I want to start using a light meter, a Sekonic 308s. My issue and it's probably dumb but I have to ask anyway. ISO?When I use my film cameras I use the films ISO rating.Question, where due I get the ISO number when I am using my digital SLR?.

I have scoured the internet for answers to this question and all they ever say is use the films ISO rating with your light meter. I can find very little info on using my Sekonic with my digital camera.Thanks for any help in advance...

Comments (11)

You are going to need some more info. check google on using a light meter..

I do not know about the seconic. such as is it a incident ir reflective meter. a reflective is what the cameras have. it measures the light reflecting off of the subject. you aim it at the subject and read it. it will give, as all handheld meters do, and array of shutter speeds and fstops.

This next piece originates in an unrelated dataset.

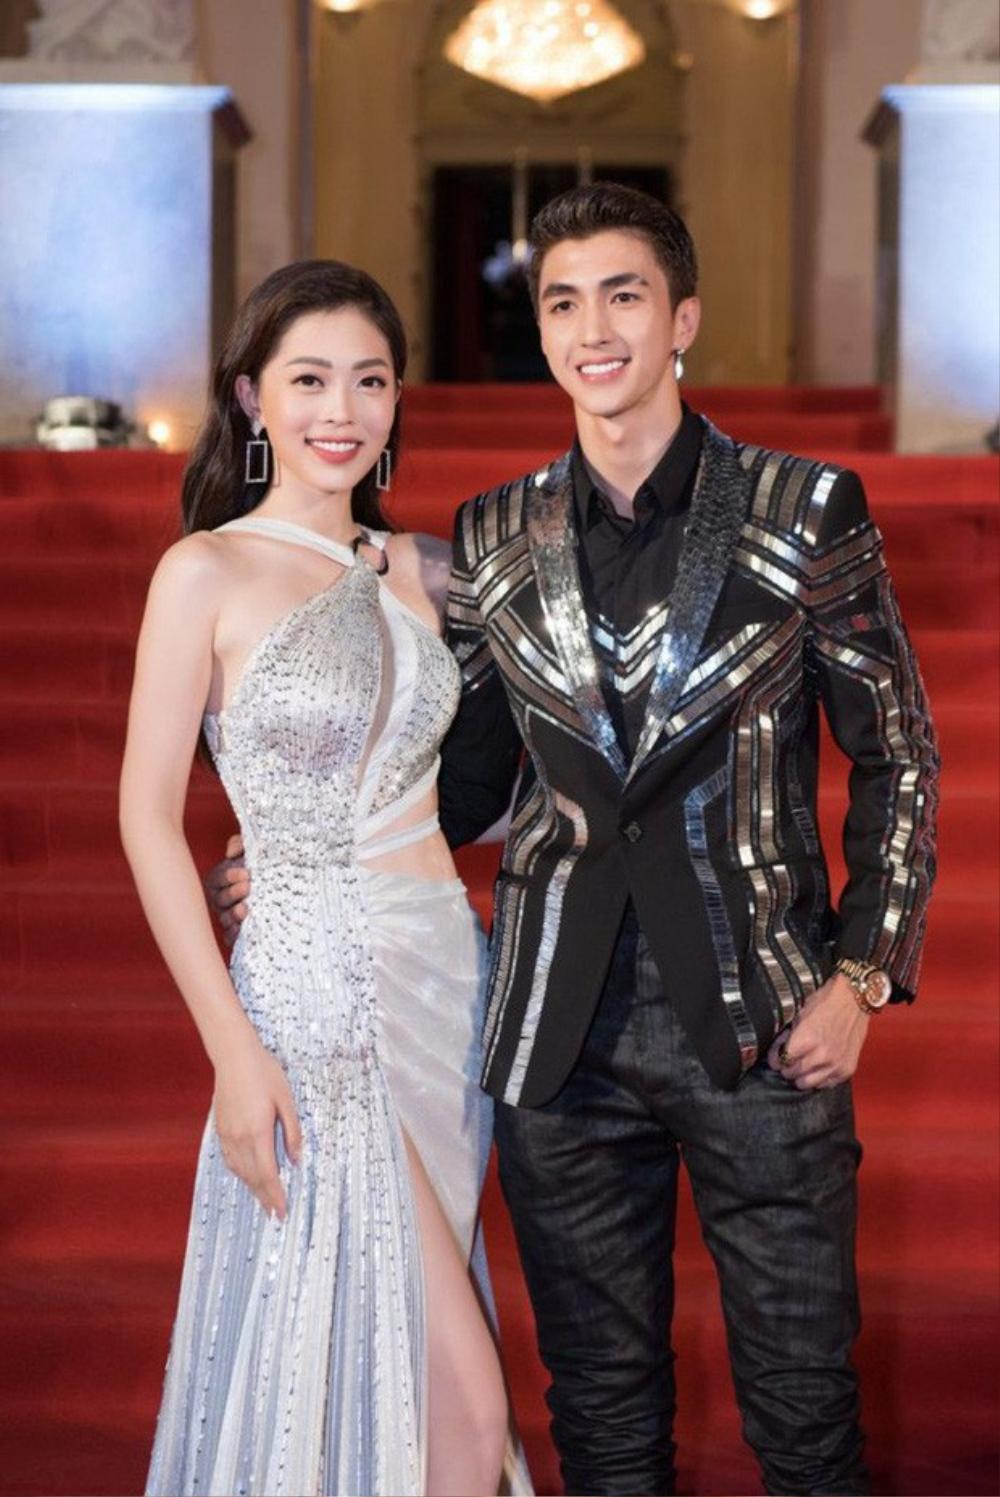 Phương Nga diện váy cưới xinh hết nấc, fan thi nhau chúc mừng chờ đón đám cưới cùng Bình An Ảnh 2

The incident meter works by putting some kind of off white or white cover(dome?) over the meter. this sometimes makes the meter a reflective or incident if the dome can be slide to the side. it is used by aiming the meter back at the camera from the same direction as the subject. you can when standing with your camera simply aim the meter behind you in the exact opposite direction as the subject to camera line. it works by measuring the light falling on the subject. the incident meters advantage is that it is not affected by the subject's color or the condition outside(beach, snow, front of house, etc)..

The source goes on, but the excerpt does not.